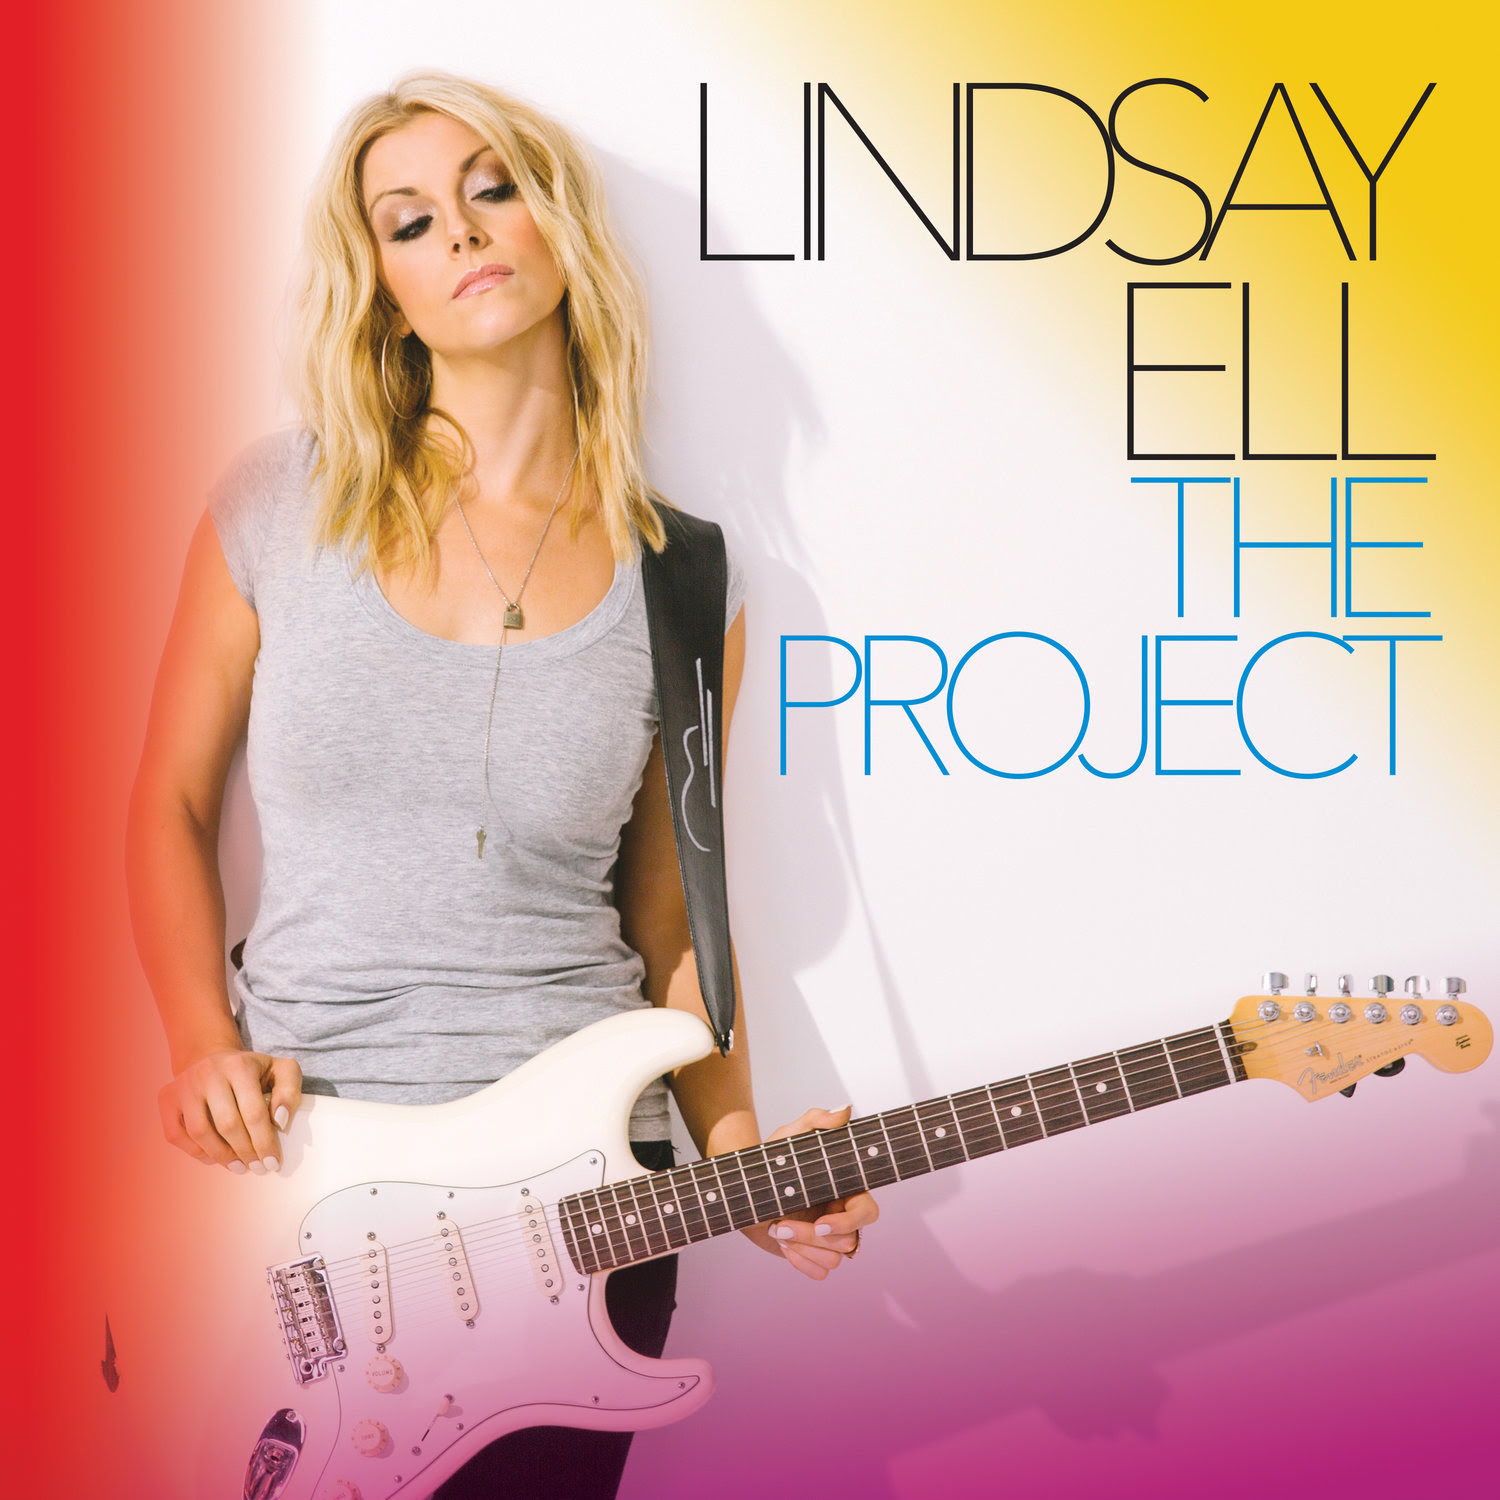 Lindsay Ell Reveals Tracklisting for Debut Album “The Project”
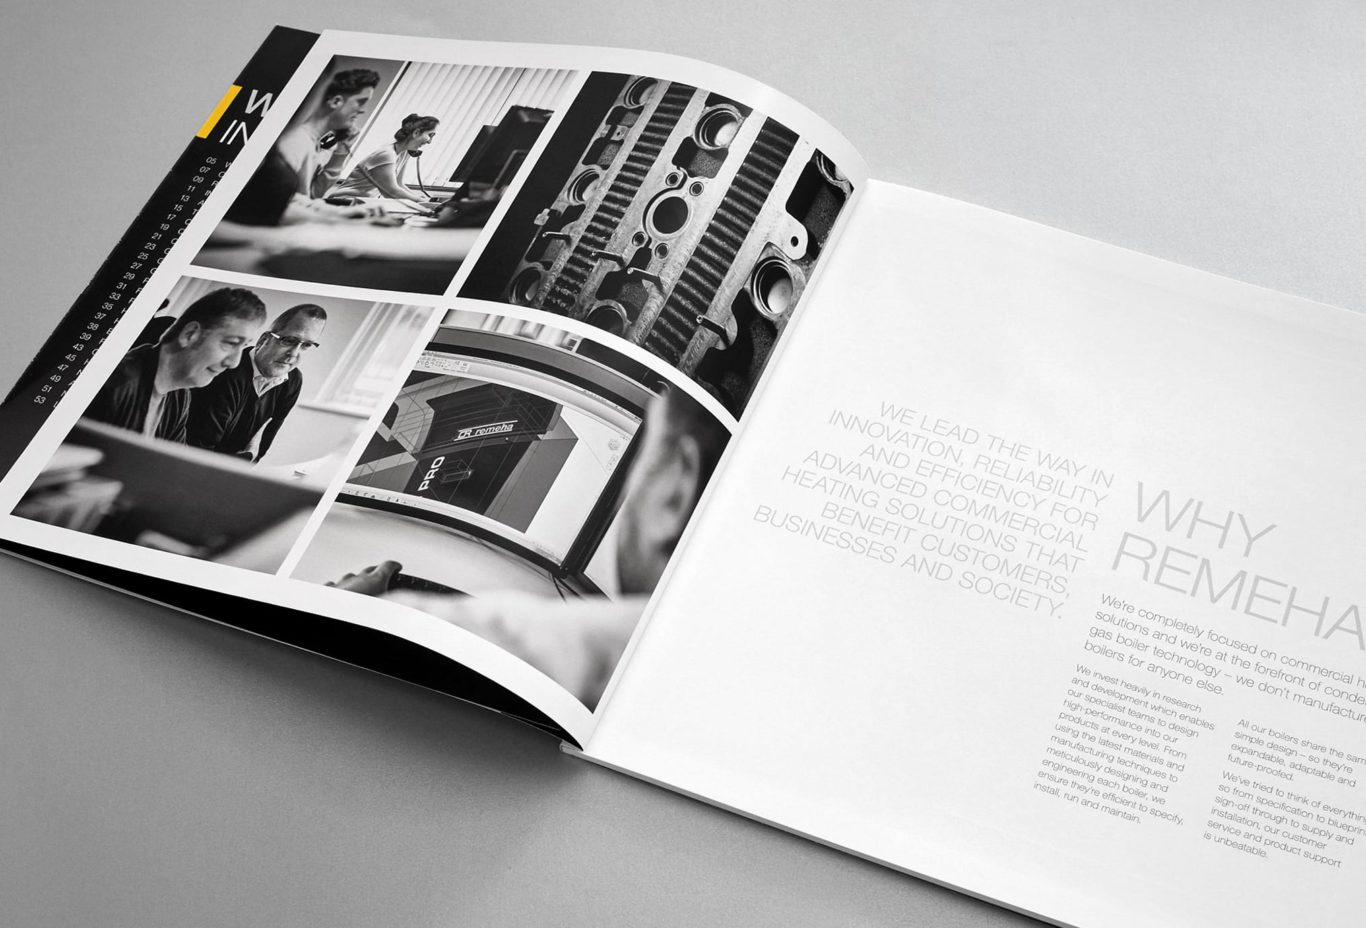 Remeha rebrand - brochure showing brand photography
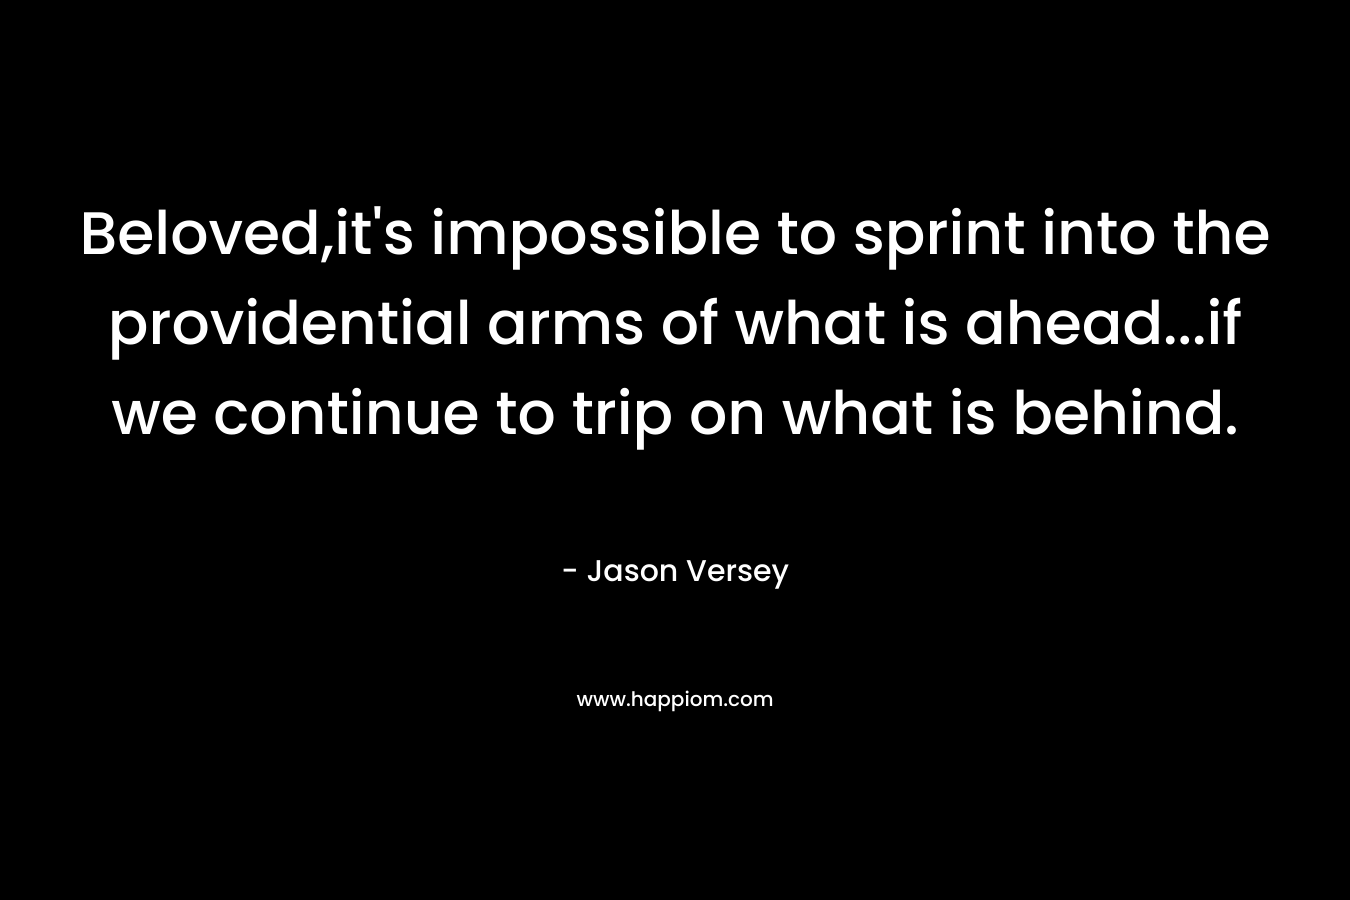 Beloved,it’s impossible to sprint into the providential arms of what is ahead…if we continue to trip on what is behind. – Jason Versey
- - -
• **Requirement**: The entire listing above, word for word and without pictures, is what should be output.

• **Solution for this problem**:
 Lindsay Ell Reveals Tracklisting for Debut Album “The Project”
 Remeha rebrand - brochure showing brand photography
 Beloved,it’s impossible to sprint into the providential arms of what is ahead…if we continue to trip on what is behind. – Jason Versey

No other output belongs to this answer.